Я усмехнулся. И опять стал ждать момента.
– Зато она – знает, – сказал Монти задумчиво. – Ее старик ушел к школьной учительнице. И у нее нет уверенности, что он вернется. Чуть не изнасиловала нашего милого паренька, когда тот пришел снимать показания счетчика. Так-то. Кстати, а как Мейбл?
Я подумал, не дошли ли и до него слухи, но решил, что, будь это так, он не задал бы вопроса.
– Хорошо, – ответил я.
– Сирил раньше брал с собой в вагон газету. “Телеграф”, если тебе интересно. Сирил лейбористов не жалует, считает их пошляками. А сейчас больше газету не покупает. Он сидит и смотрит. Это все, что он делает. Нашему парню вчера пришлось ткнуть его в бок, когда поезд подошел к Виктории. Он вышел, как во сне. А вчера вечером по дороге домой он отстучал на портфеле целую оперу. Нэнси утверждает, что Вивальди. Ну, ей лучше знать.
Помнишь Поля Скордено?
Я сказал, что помню. Монти любил отступления. Вроде “а как Мейбл?”.

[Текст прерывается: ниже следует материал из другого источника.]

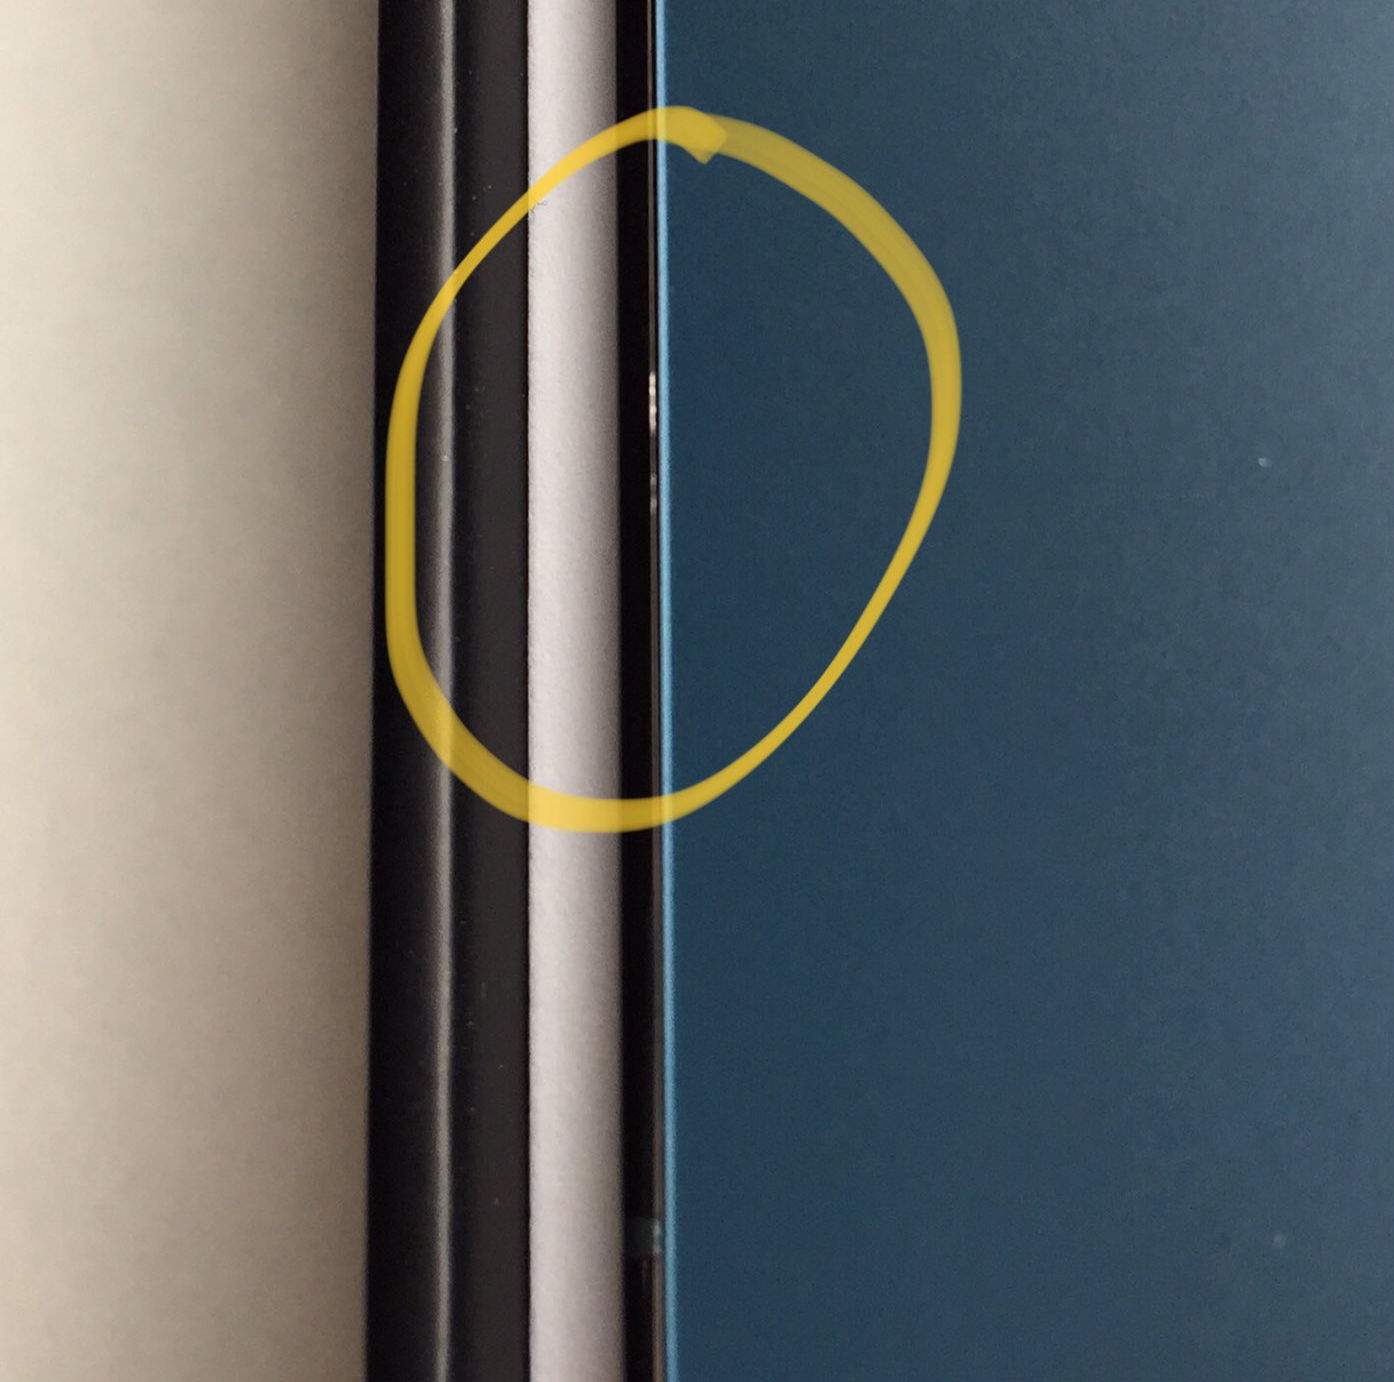 Iphone 12 Proのフレームに傷が付く報告多数 購入時に傷が付いていたという例も Ipod Love

– Поль отбывает семь лет в Барбадосе за то, что вломился в банк. Что в них вселяется, Нед? Ведь он шага неверного не сделал, когда служил наблюдателем. Никогда не опаздывал, никогда не подделывал расходы, приличная память, приличный глаз, хороший нос. А сколько мы дверей взломали. Лондон, центральные графства и Мидлендс, борцы за гражданские права, сторонники разоружения, партии, отбившиеся от рук дипломаты – все мы делали. Хоть раз Поль попался? Ни разу. Но как только он ушел от нас, сразу все полезло наружу: вдруг все выкладывает в баре мужику-соседу. Мне кажется, им так и хочется попасться, вот мое мнение. После стольких лет пребывания в безвестности им, наверное, требуется признание.
Он отхлебнул чаю.
– Другое увлечение Сирила, кроме музыки, – это радио. Он любит радио. Насколько нам известно, только принимает, учти. Но у него один из этих мощных немецких приемников с тонкой настройкой и большими динамиками по бокам. Он не здесь его покупал, потому что, когда что-то сломалось, местной мастерской пришлось отправить его в Висбаден. На ремонт ушли три месяца и куча денег. У него нет машины – не очень их жалует. За покупками ездит на автобусе в субботу утром, предпочитает сидеть дома – кроме поездок в Австрию на Рождество. Никаких домашних животных, ни с кем не общается. Развлечений никаких. Не принимает ни гостей, ни соседей, не получает никакой почты, кроме счетов, счета оплачивает вовремя, не голосует, в церковь не ходит, телевизора не имеет. Женщина, которая делает у него уборку, говорит, что он много читает, преимущественно толстые книги. Она бывает у него только раз в неделю, обычно в его отсутствие, и мы не решились познакомиться с ней поближе. Для нее толстая книга – это все, что толще брошюрки для изучающих Библию. У него скромные телефонные счета. Он вложил шесть тысяч в строительную компанию, у него свой дом, надежный счет в банке – от шести до четырнадцати тысяч, – который сокращается примерно до двухсот фунтов во время Рождественских каникул.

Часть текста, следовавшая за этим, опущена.